Die Kreuzkapelle ist die erste Kapelle an der Nordseite des Stephansdoms, links vom Haupteingang, am Nordwinkel der Portalfassade. Sie gehört zu den älteren Kapellen des gotischen Ausbaus und wurde im Lauf der Jahrhunderte mehrfach umgestaltet. Ihre wechselvolle Geschichte spiegelt sich schon in ihren vielen Namen: Moranduskapelle, Tirnakapelle, Kreuzkapelle, Liechtensteinkapelle, Savoyen- oder Prinz-Eugen-Kapelle.
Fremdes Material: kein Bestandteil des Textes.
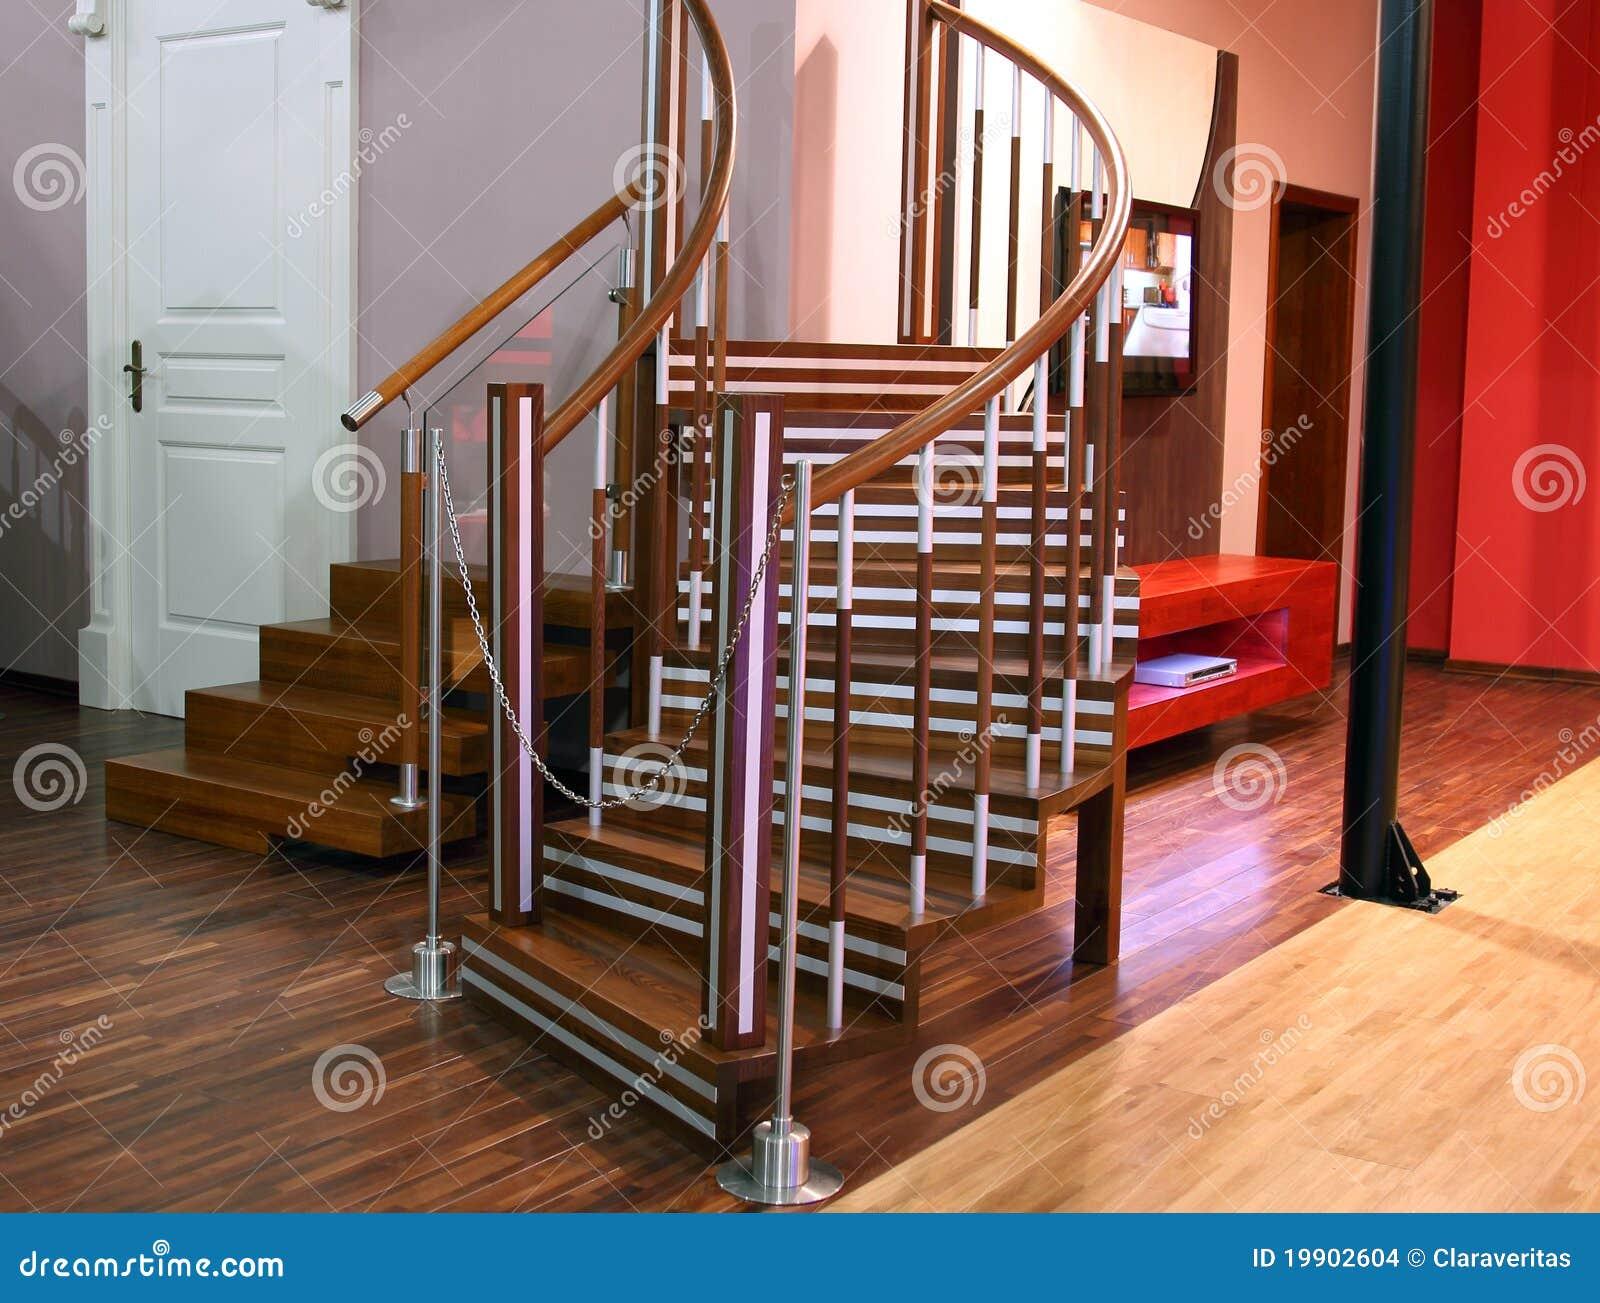 Escaleras modernas para la sala de estar foto de archivo for Imagenes escaleras modernas
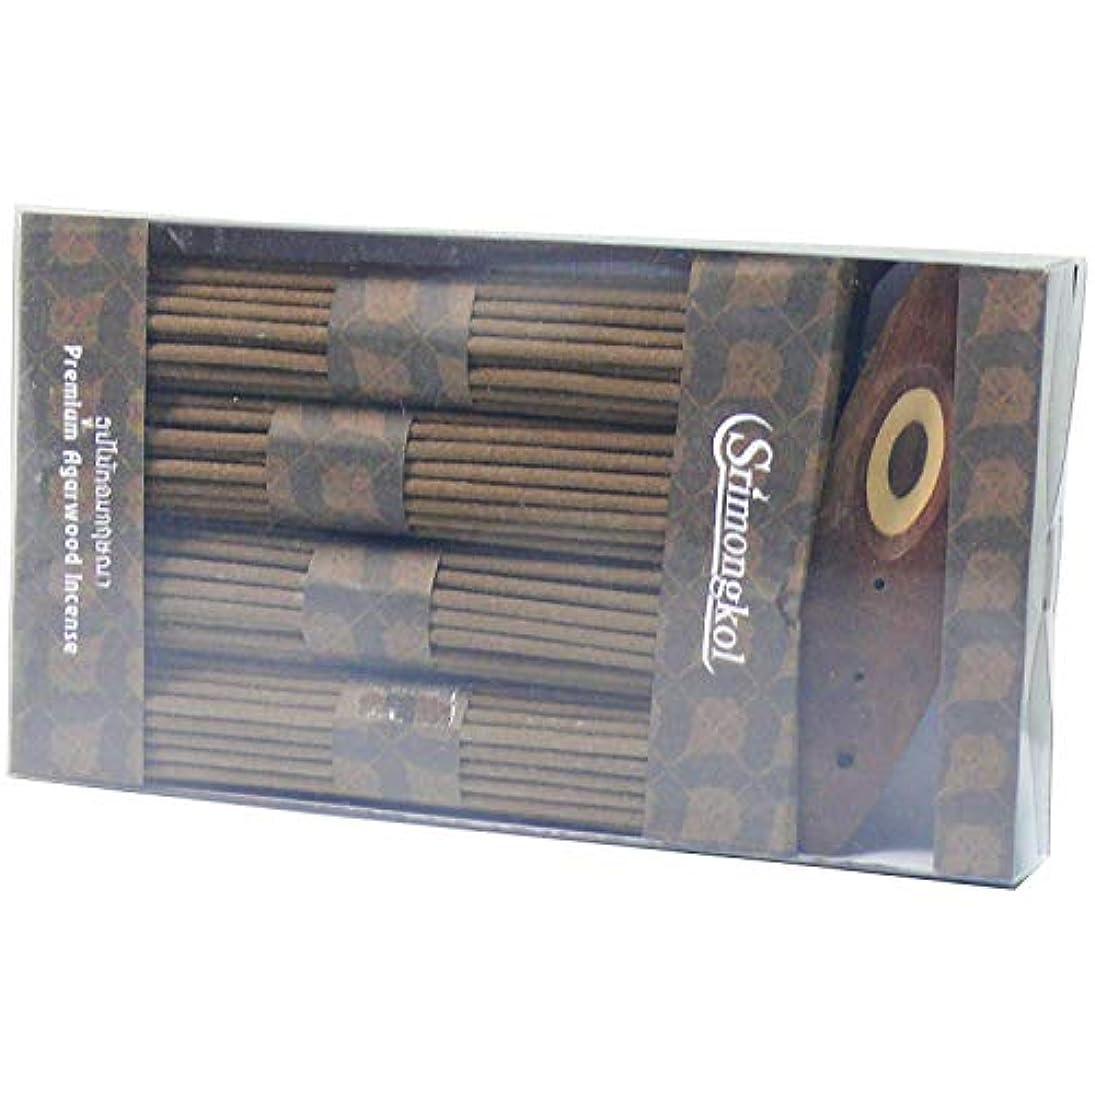 引く南アメリカ一般化するPremuim Agarwood Natural Incense Cones 200 Grams (No Chemical) :プレミアムアガーウッドナチュラル香コーン200グラム(化学薬品なし)

Besonders markant sind das spätgotische Kruzifix mit echtem Haar, das barocke Savoyer-Grabgedächtnis und das prunkvolle schmiedeeiserne Gitter aus dem 18. Jahrhundert. Kaum eine andere Kapelle des Doms zeigt so deutlich, wie sich gotische, barocke und historistische Schichten überlagern.

Bauzeit: 14. Jahrhundert, Ausbau unter Rudolf IV.; Fertigstellung im frühen 15. Jahrhundert
Stil: gotischer Kern, später barock und historistisch überformt
Lage: Nordseite des Stephansdoms, links vom Riesentor, am Nordwinkel der Westfassade
Nutzung: Kapelle und Erinnerungsort mit mehreren Grab- und Ausstattungsschichten
Besonderheiten: Kruzifix mit echtem Haar, Prinz-Eugen-Gruft, Savoyer-Epitaph, barockes Schmiedeeisengitter
Stifter / Patronat: zunächst Morandus-Patrozinium, dann Familie Tirna, später Liechtenstein und Savoyen

Die Kapelle im Laufe der Jahrhunderte

Die Kreuzkapelle geht auf die Ausbauphase des Stephansdoms unter Rudolf IV. zurück. Sie besitzt einen gotischen Kern, zeigt heute aber eine vielschichtige Gestalt. Gerade diese Mischung macht ihren Reiz aus: gotische Raumform, barocke Repräsentation und historistische Überarbeitung stehen hier dicht nebeneinander.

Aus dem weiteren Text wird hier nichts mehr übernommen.